> EXERCISE BRIEF:
Images aside, the whole listing should be written out word for word.

> MATERIAL PROVIDED:
---*---

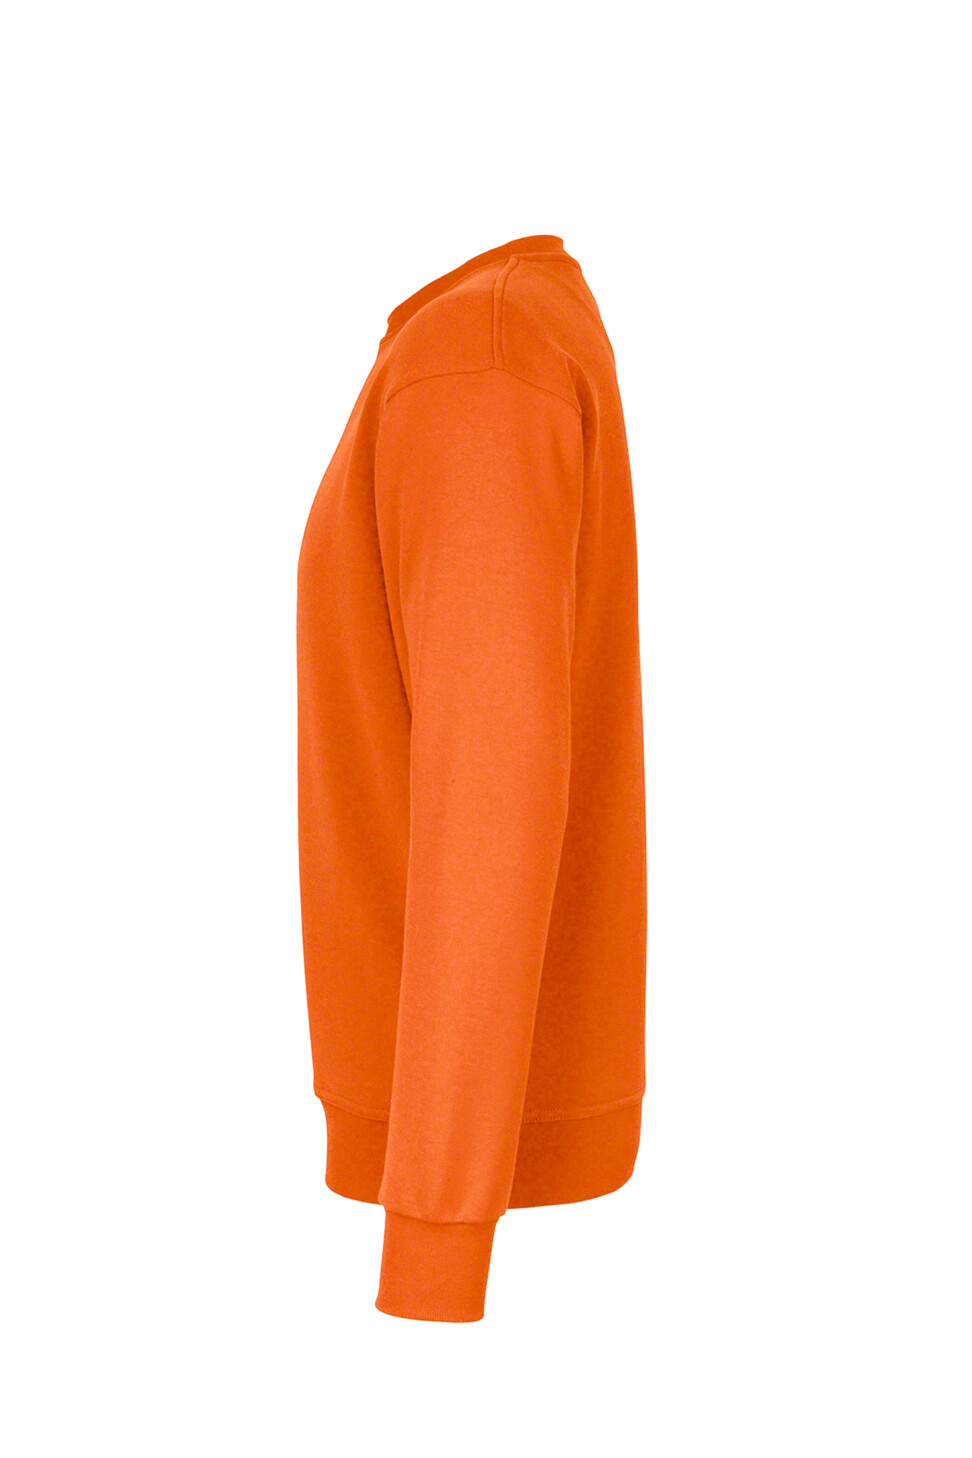 Hakro Herren Sweatshirt Performance, Orange
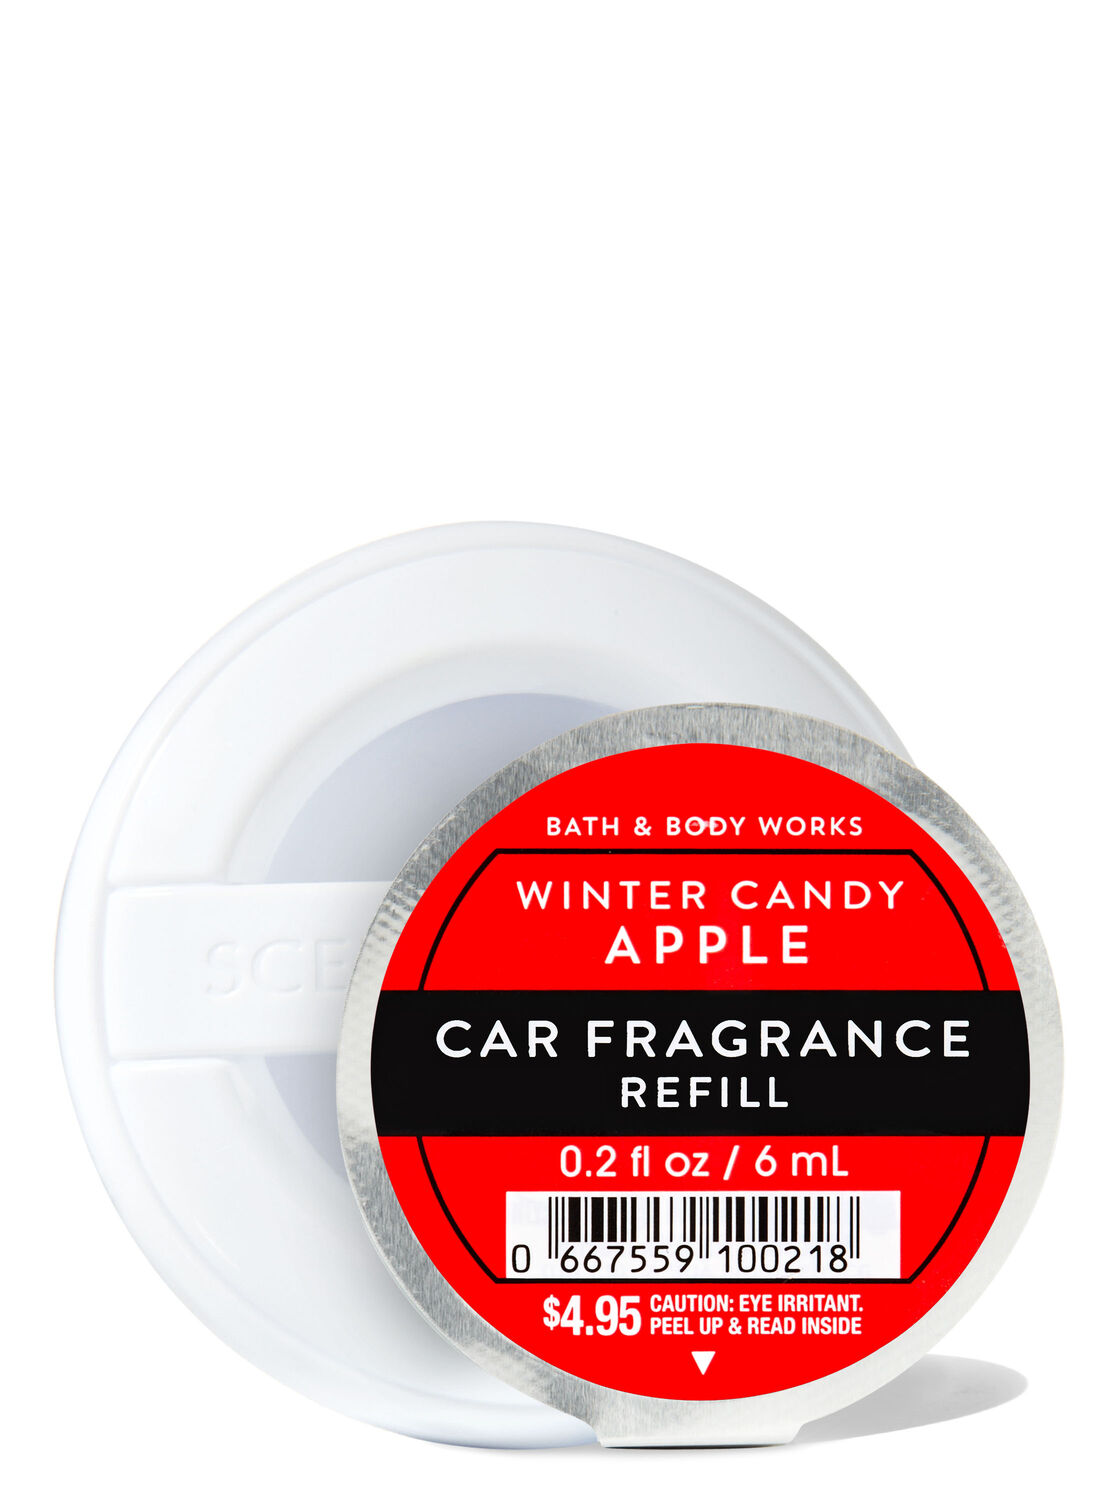 Refresh your car 4.5 oz gel, new car
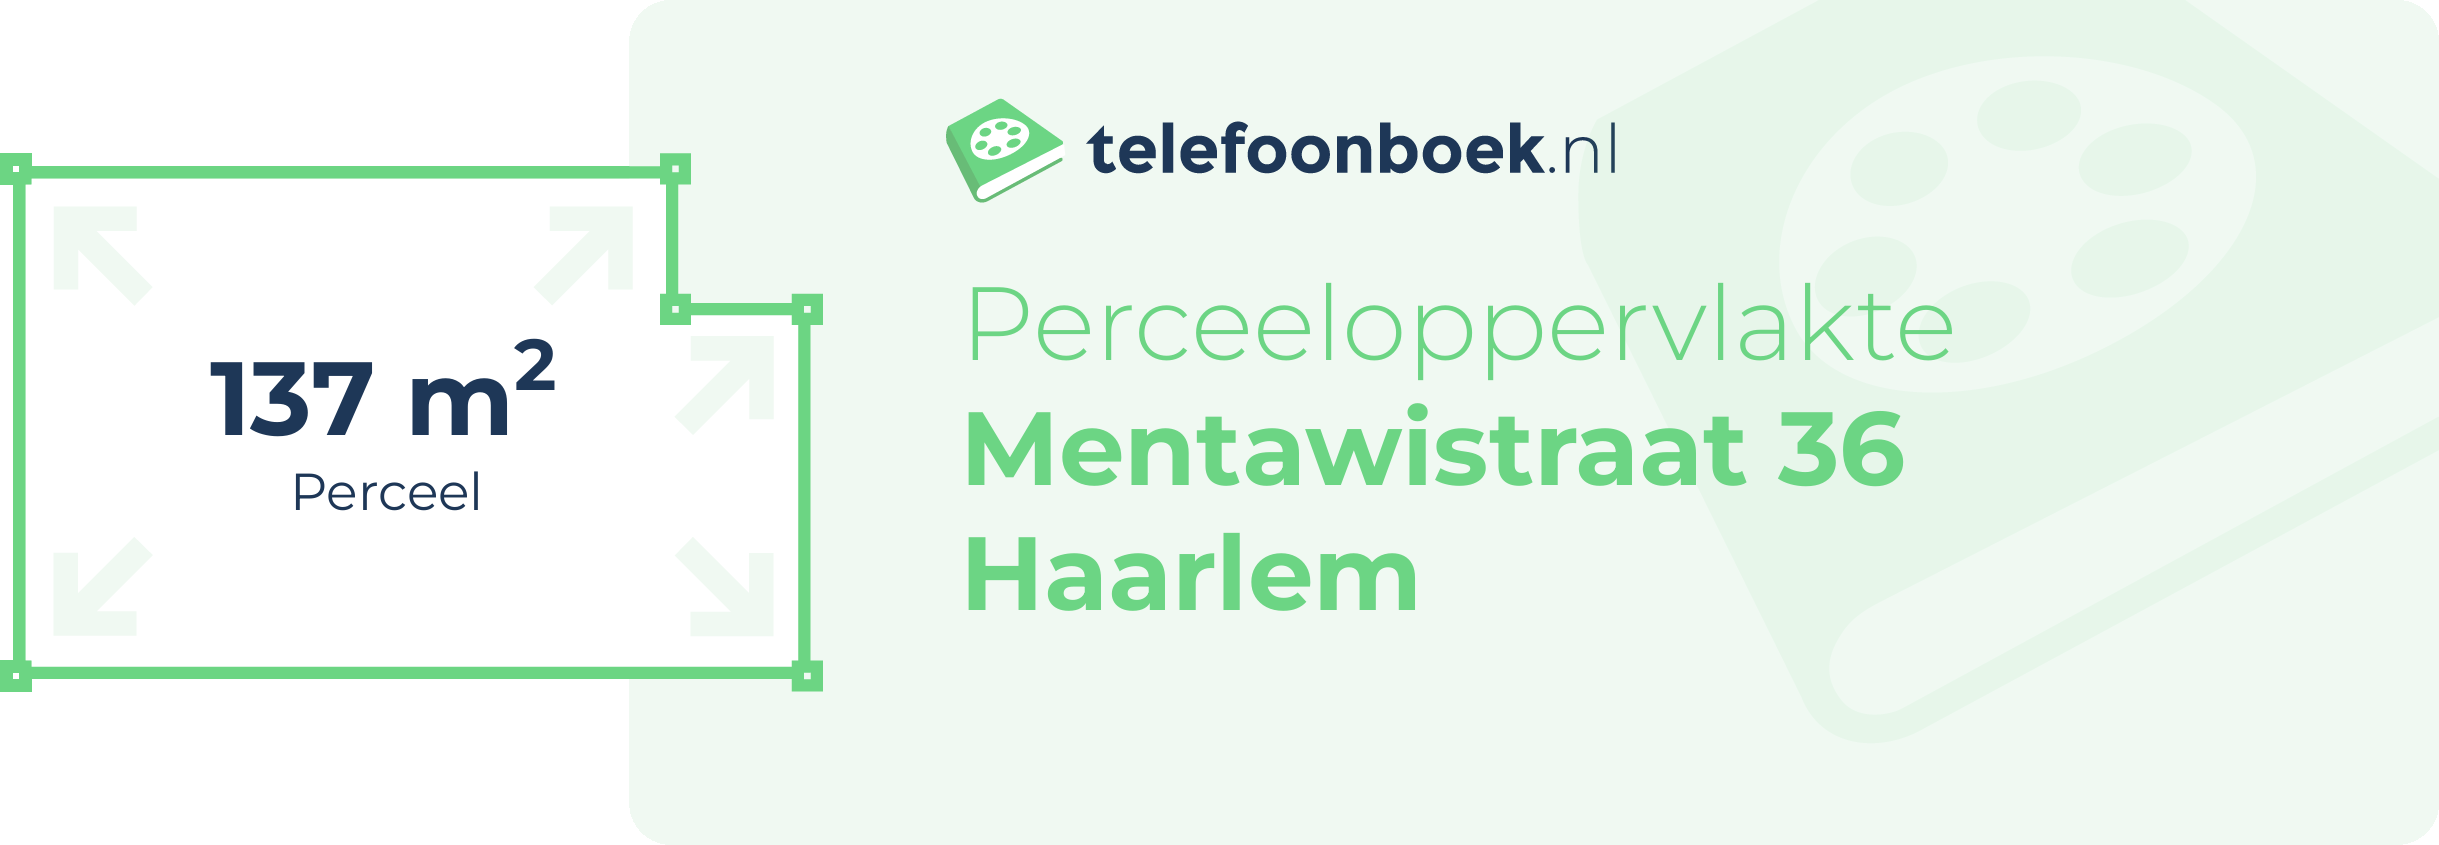 Perceeloppervlakte Mentawistraat 36 Haarlem

---*---

> TASK RESULT:
 Hakro Herren Sweatshirt Performance, Orange
 Refresh your car 4.5 oz gel, new car
 Perceeloppervlakte Mentawistraat 36 Haarlem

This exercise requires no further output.